United Steelworkers who backed Donald Trump are facing down a bleak future as the clock ticks down on Joe Biden‘s presidency. Trump’s tariff wars are on track to tank the economy, according to the country’s top economists, and one of the first industries hit looks like it will be Pittsburgh’s steel industry.
Union workers in the battleground state are now coming to terms with a reality where their jobs will be moved out of state — that is, if they manage to keep them at all.
Apparently there isn’t a problem president-elect Donald Trump thinks he can’t fix with tariffs, and the failing U.S. Steel is just another example. The company has been an American industrial staple for more than 120 years, but its glory days are far behind it. As of 2024, U.S. Steel ranks 24th in the world — a whopping 16 places behind its 2008 rank as number eight. The publicly traded company quickly became a political symbol, one that both sides flocked to around the failing U.S. manufacturing sector.
It seems crazy that in the land of capitalism, a privately owned business doing business with another privately owned business — Nippon Steel, from the allied nation of Japan, no less — has become a political matter. Yet here we are. Both sides of the aisle view the merger as a negative, and President Biden has been blocking the deal for months — despite U.S. Steel’s insistence that without the 14.1 billion dollar merger, the company will fail.
Though Nippon Steel has said it’s “determined to protect and grow US Steel in a manner that reinforces American industry, domestic supply-chain resiliency, and US national security,” President Biden has already promised to kill the acquisition. Despite the fact that the decision will likely never fall to Trump, he felt the need to weigh in, and his stark veto of the merger in lieu of tariffs and taxes has left many steelworkers feeling betrayed.
“I told him, ‘I need one thing from you. I need you not to say you’re going to kill the deal on national television and in front of a couple thousand steelworkers you’re here for’,” one local USW vice president told Yahoo News.

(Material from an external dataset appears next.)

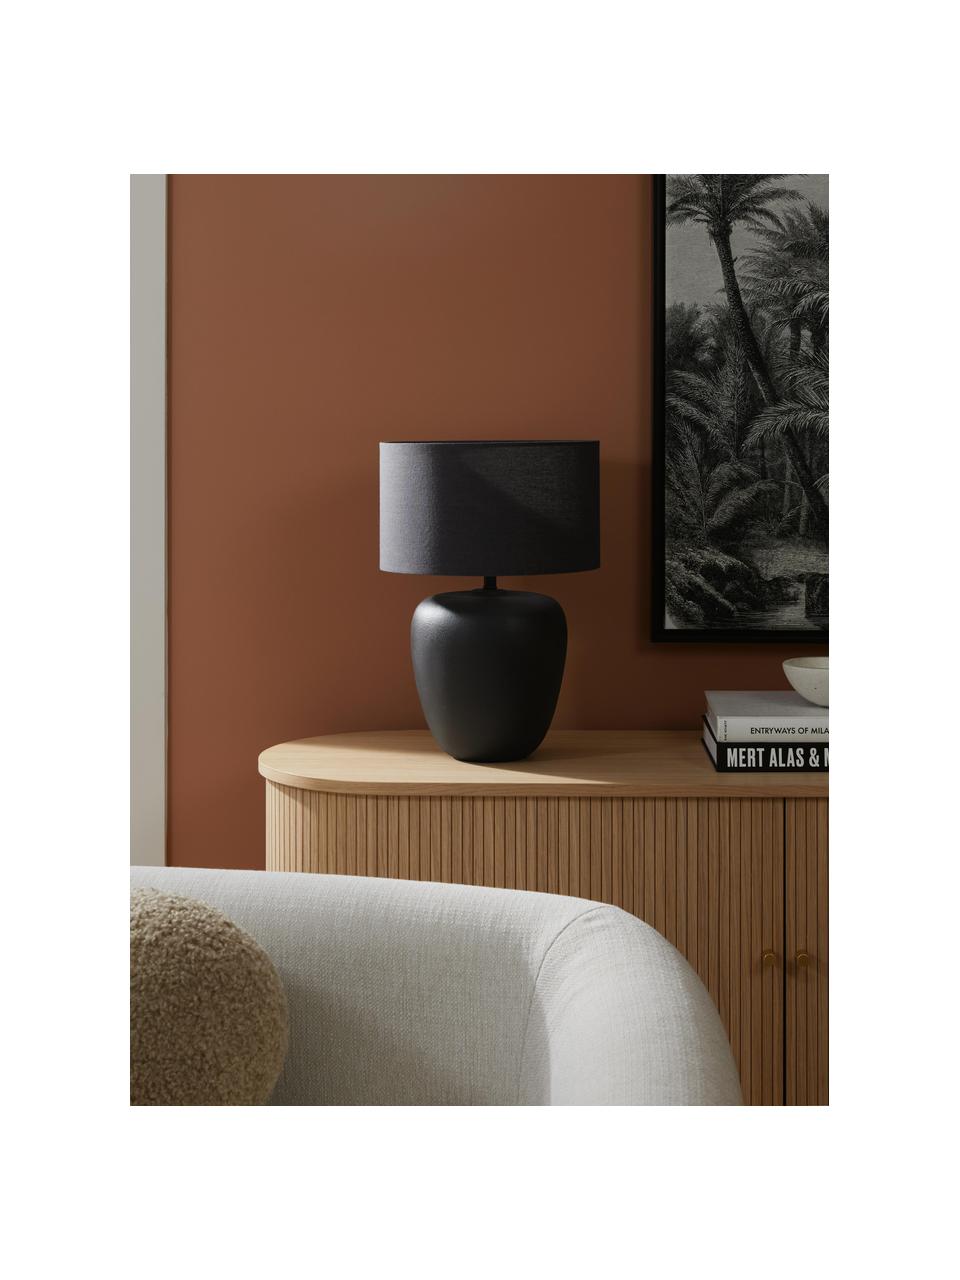 Lámpara de mesa grande de cerámica Eileen, Pantalla: lino (100% poliéster), Cable: cubierto en tela, Negro mate, Ø 33 x Al 48 cm

Even as U.S. Steel flounders, there are plenty of Pittsburgh workers who are against the merger, though their only other option for a buyout is the Cleveland-Cliffs company. Should it succeed in acquiring U.S. Steel, it guarantees a monopoly. As Biden’s administration eyes the national security threat of the merger, one has to wonder if his team is also considering how yet another monopoly could affect workers and everyday Americans.
The U.S. government is no stranger to sticking its fingers into the world of corporate acquisitions, but it’s surprising coming from a man like Trump. He’s a loud proponent of small government, and is more than familiar with bowing to the whims of a board of shareholders. It’s led to speculation online that the only reason Trump doesn’t approve comes from a lack of incentivization from Nippon.
Trump’s Rube Goldberg-esque plan of tariffs and tax increases will do little to aid the company, average Americans, and unions — especially those steel workers who are already feeling the squeeze of a dying company. But hey, at least he gets to project a tough guy persona online, right?